Node.jsはCommonJSまたはES module(現在は実験的機能)でライブラリを読み込むようになっていますが、enchant.jsはどちらにも対応していません。HTMLのscriptタグで単純に読み込む場合しか想定していないと言えます。このようなライブラリをNode.js上で直接利用することは本来出来ませんが、その構成によっては工夫次第で可能になる場合があります。
今回の目的はenchant.Class
のみであり、一つのJavaScriptにまとまる前のソースコードでは"Class.js"と言うファイルとして分離独立して存在します。こちらの中身を確認したところ、他のファイルには依存しておらず、また、ブラウザ版JavaScript特有のオブジェクト(DOMなど)も使用していませんでした。
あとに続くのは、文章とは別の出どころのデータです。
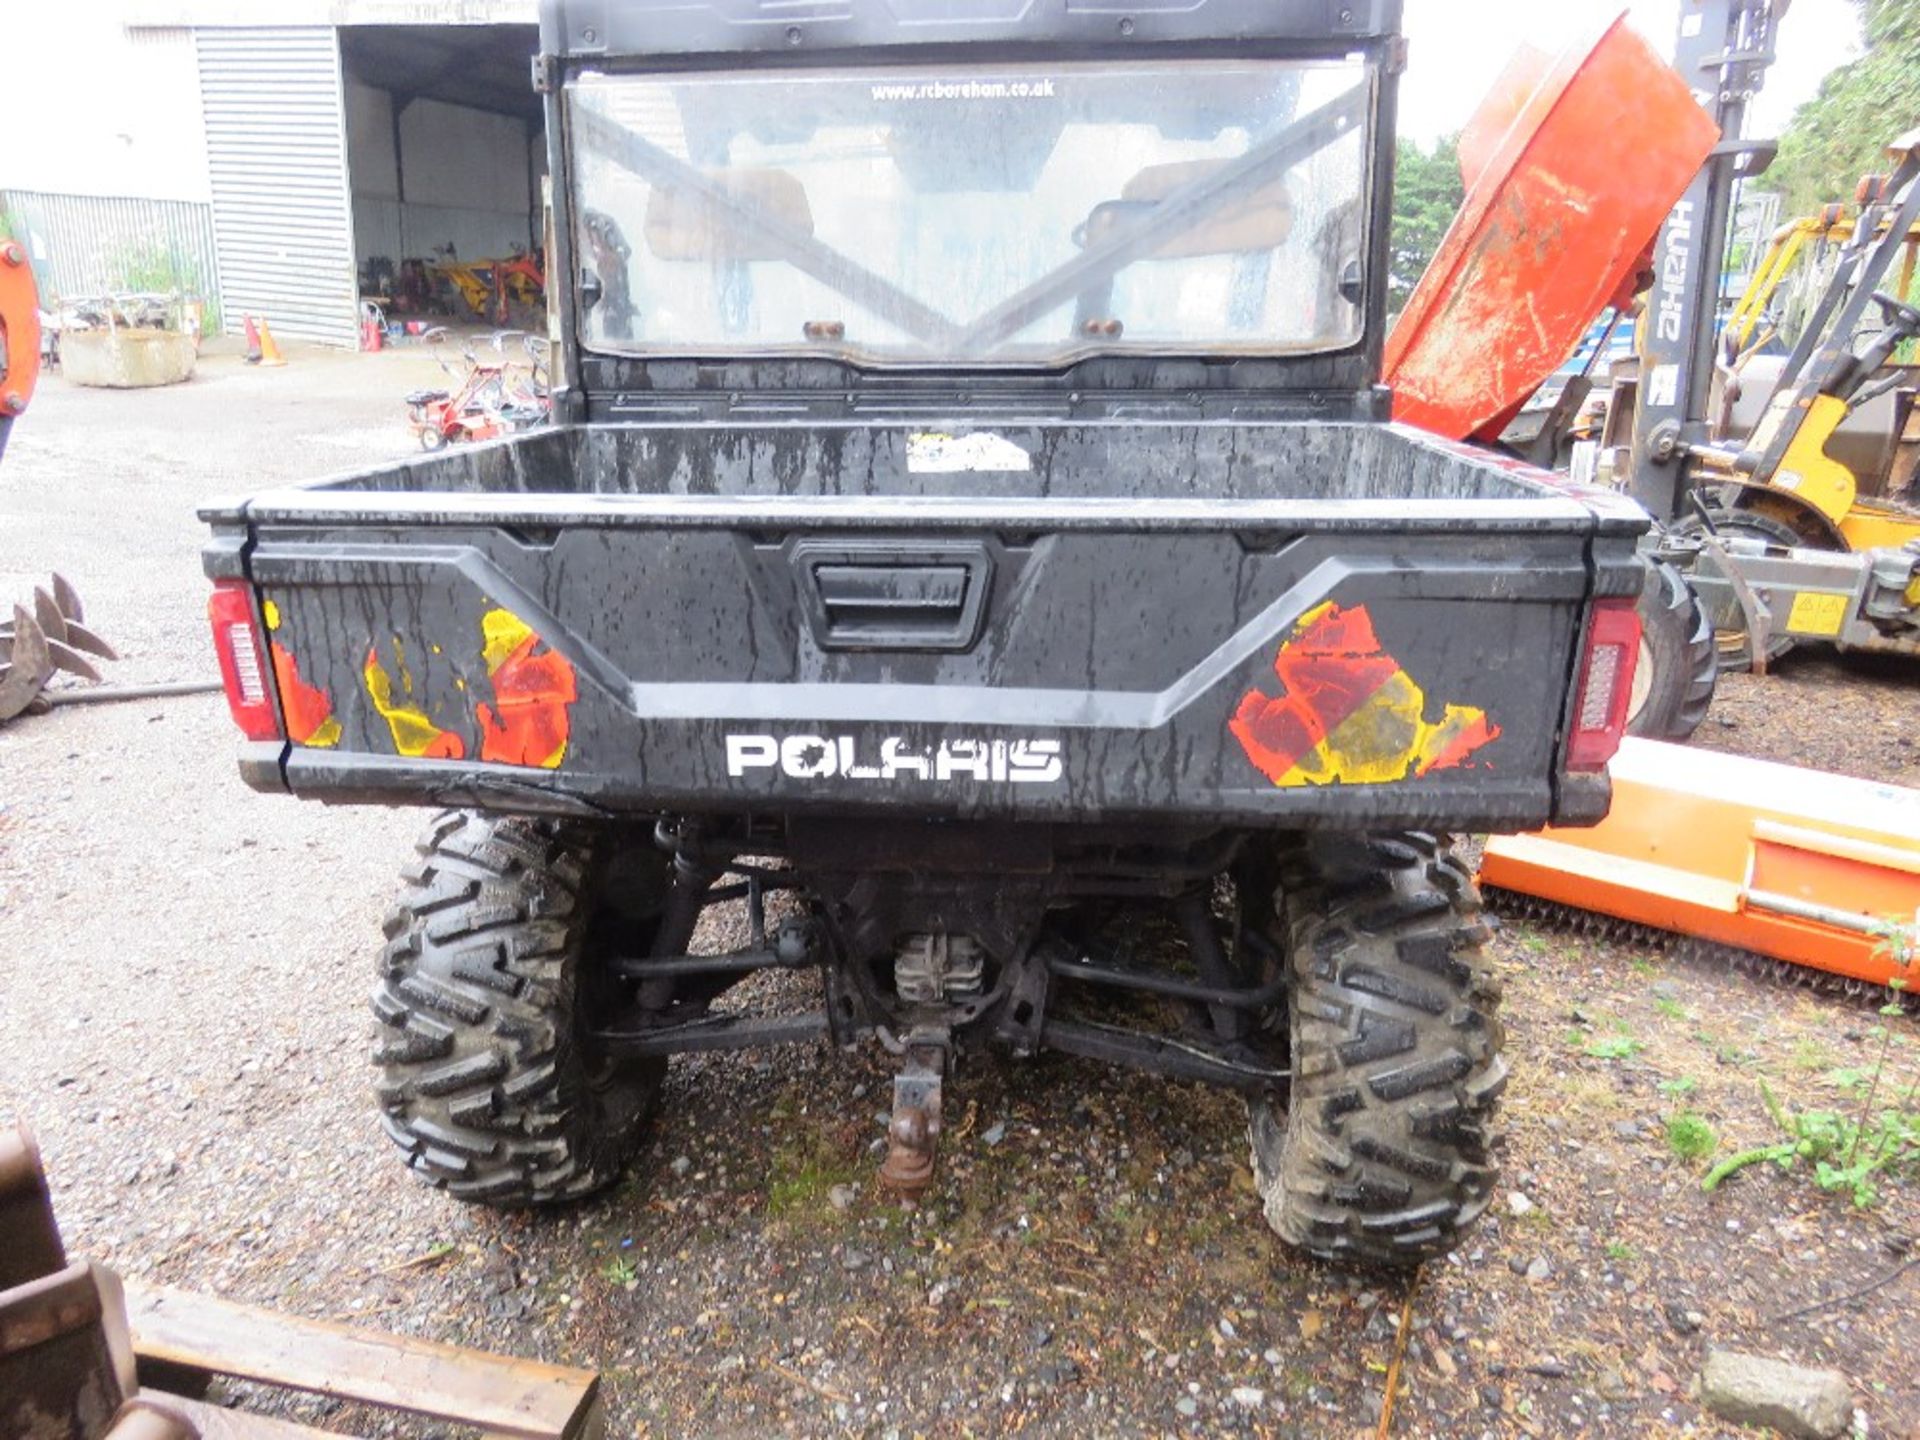 POLARIS RANGER DIESEL RTV BUGGY REG:EU68 EOY. FRONT AND REAR SCREENS AND ROOF. 2018 WITH V5. WHEN TE - Image 9 of 12
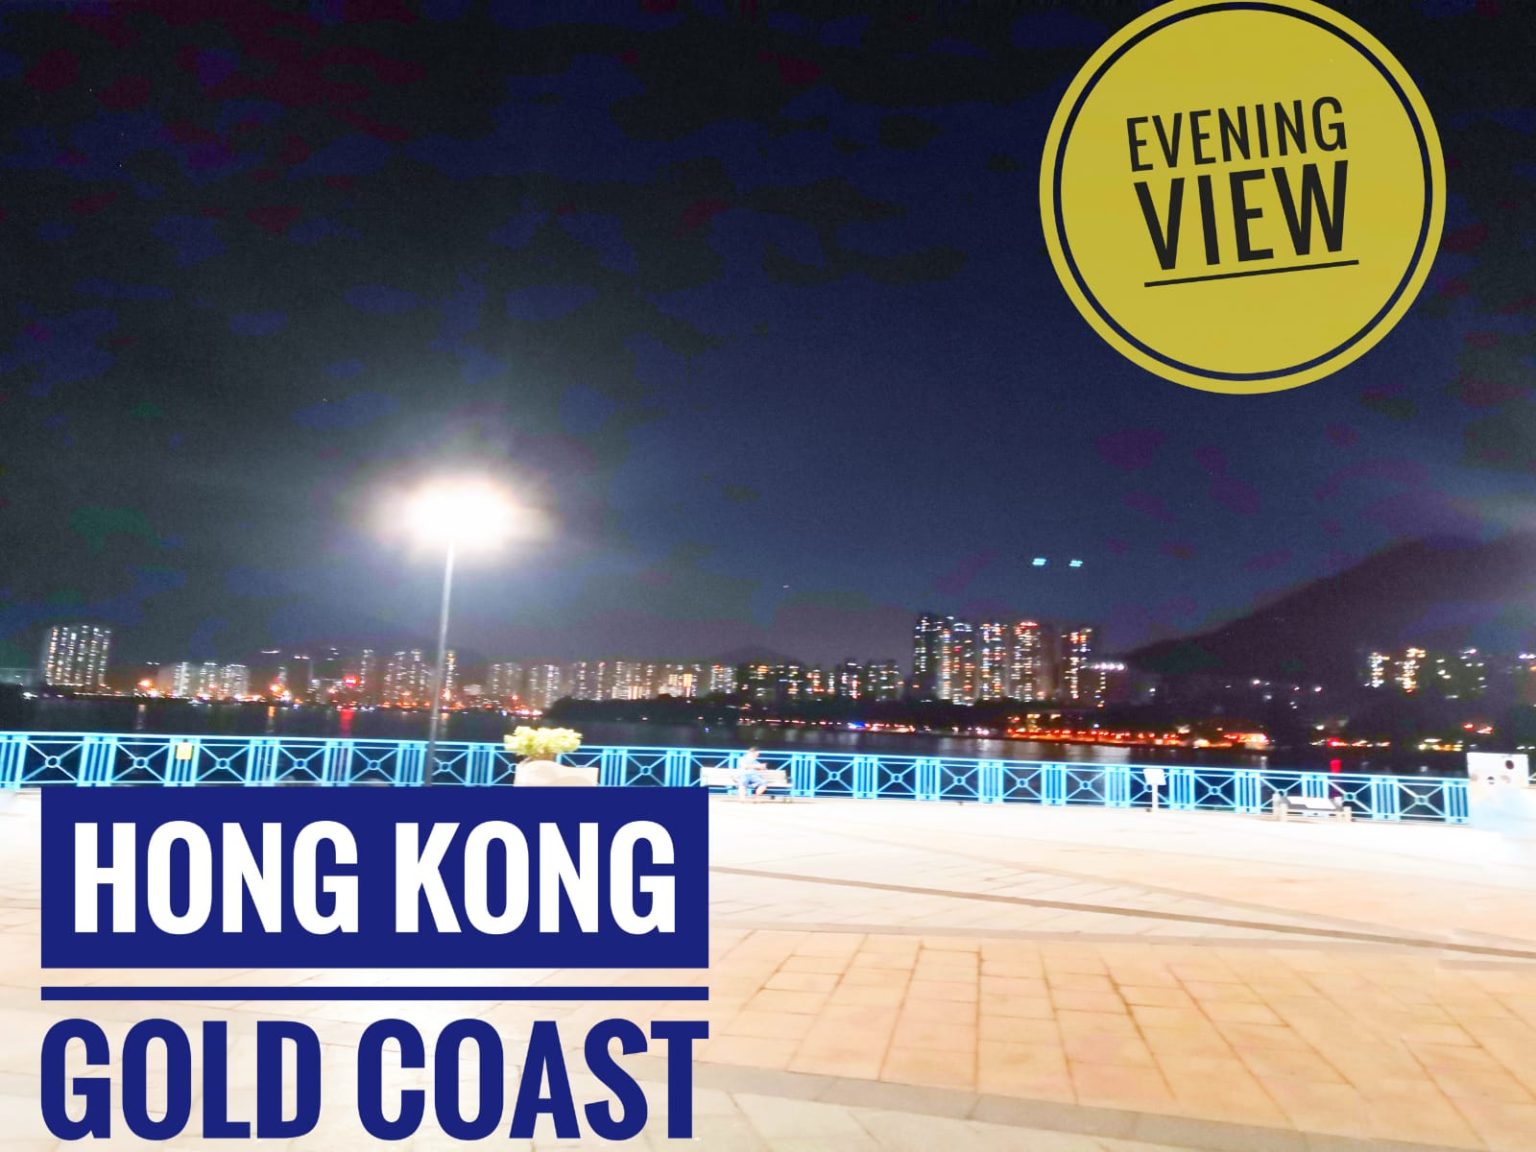 Gold coast is a proper residential area in NT Gold Coast Hong Kong ...

しかし、CommonJSやES moduleを想定してた構成ではないため、通常の方法では読み込みできません。今回はenchant.Class = function(...) {};
という書き方で定義してあったため、この性質を利用して、Node.jsに読み込みたいと思います。
以下、enchant.Class
を使うための方法です。Windowsで作業していることが前提ですが、OSには特に依存しません。
- enchant.js v0.8.3 ソースコードをダウンロードします。
- ダウンロードしたZIPファイルから"dev\src\Class.js"のみを取り出して、コピーします。
- グローバル変数
enchant
をObjectとして作成した後に、コピーしたソースをrequire()
します。
具体的なコードは下記のようにになります。
JavaScript
1// enchant.Classのみを読み込んでいる部分
2global.enchant = {};
3require("./Class.js");
4const Class = enchant.Class;
5
6const A = enchant.Class.create({
7 initialize: function(x) {
8 this.x = x;
9 },
10 f: function() {
11 console.log(`A.f: ${this.x}`);
12 }
13});
14
15const B = enchant.Class.create(A, {
16 initialize: function(x, y) {
17 A.call(this, x);
18 this.y = y;
19 },
20 g: function() {
21 console.log(`B.g: ${this.x}, ${this.y}`);
22 }
23});
24
25const a = new A("hoge");
26const b = new B("fuga", "piyo");
27a.f();
28b.f();
29b.g();
実行すれば、正常に継承が動作しているところまで確認できると思います。
なお、この方法はどんなものにも使えるというわけではなく、enhant.Class
が偶然こういう事が出来るような構成だったにすぎません。**他のライブラリではやり方が全く異なる場合があります。**場合によってはライブラリ側のコードを修正する必要があります。また、グローバル変数を使用していることからも、あまり良い方法とは言えません。
ということで、出来ることには出来ますが、推奨は出来ません。かといって、他にお勧めのクラス実装と言われても、私はCoffeeScriptばかり使ってきたのでクラスの作成に不便を感じたことがなく、そういうライブラリがあるかどうかすらよくわかりません。申し訳ないです。